Silence. He called again; still no reply or scamper of feet. Probably cleaned up all the prawns around the camp and went hunting farther into the woods, thought Jack. Unbuckling his gun and dropping it onto the table, he went out to the kitchen. Most of the Extee Three was gone. In the bedroom, he found that Little Fuzzy had dumped the stones out of the biscuit tin and made an arrangement, and laid the wood chisel in a neat diagonal across the blanket.

After getting dinner assembled and in the oven, he went out and called for a while, then mixed a highball and took it into the living room, sitting down with it to go over his day’s findings. Rather incredulously, he realized that he had cracked out at least seventy-five thousand sols’ worth of stones today. He put them into the bag and sat sipping the highball and thinking pleasant thoughts until the bell on the stove warned him that dinner was ready.

He ate alone — after all the years he had been doing that contentedly, it had suddenly become intolerable — and in the evening he dialed through his microfilm library, finding only books he had read and reread a dozen times, or books he kept for reference. Several times he thought he heard the little door open, but each time he was mistaken. Finally he went to bed.

As soon as he woke, he looked across at the folded blanket, but the wood chisel was still lying athwart it. He put down more Extee Three and changed the water in the bowl before leaving for the diggings. That day he found three more sunstones, and put them in the bag mechanically and without pleasure. He quit work early and spent over an hour spiraling around the camp, but saw nothing. The Extee Three in the kitchen was untouched.

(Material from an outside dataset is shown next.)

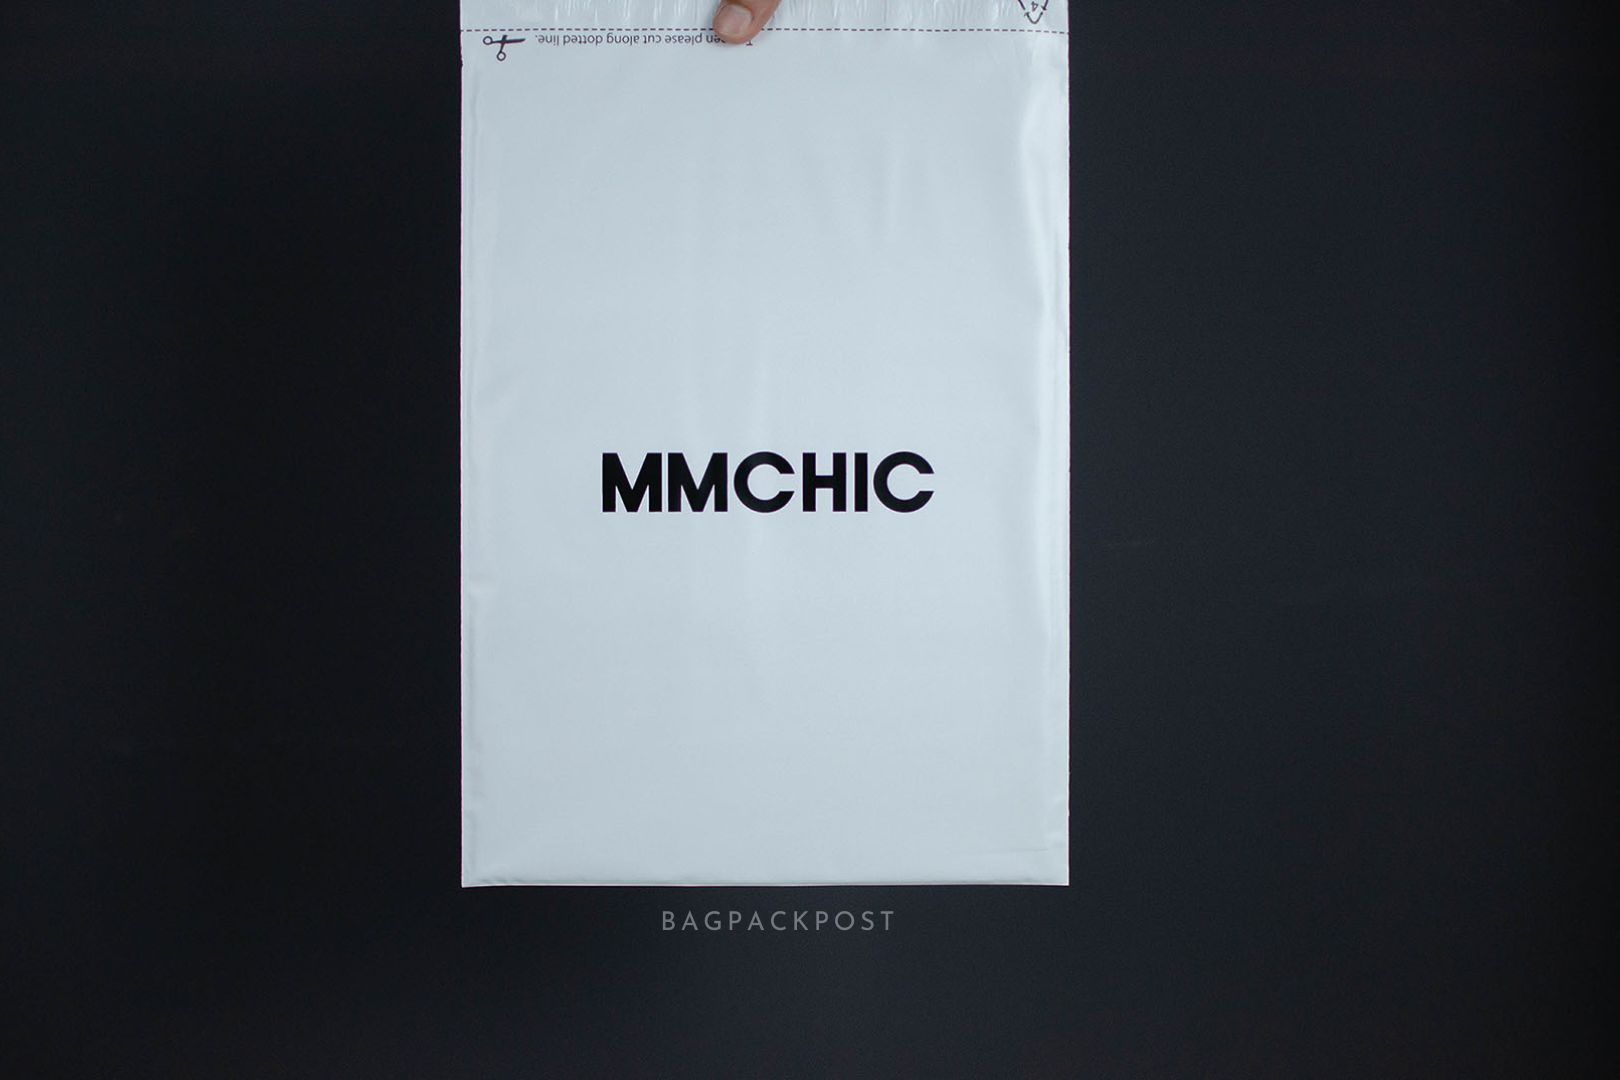 ผลิตถุงไปรษณีย์ ซองไปรษณีย์พิมพ์ลาย mmchic ซองไปรษณีย์สีขาว ถุงไปรษณีย์พิมพ์ลาย 3 BagPackPost

Maybe the little fellow ran into something too big for him, even with his fine new weapon — a hobthrush, or a bush-goblin, or another harpy. Or maybe he’d just gotten tired staying in one place, and had moved on.

No; he’d liked it here. He’d had fun, and been happy. He shook his head sadly. Once he, too, had lived in a pleasant place, where he’d had fun, and could have been happy if he hadn’t thought there was something he’d had to do. So he had gone away, leaving grieved people behind him. Maybe that was how it was with Little Fuzzy. Maybe he didn’t realize how much of a place he had made for himself here, or how empty he was leaving it.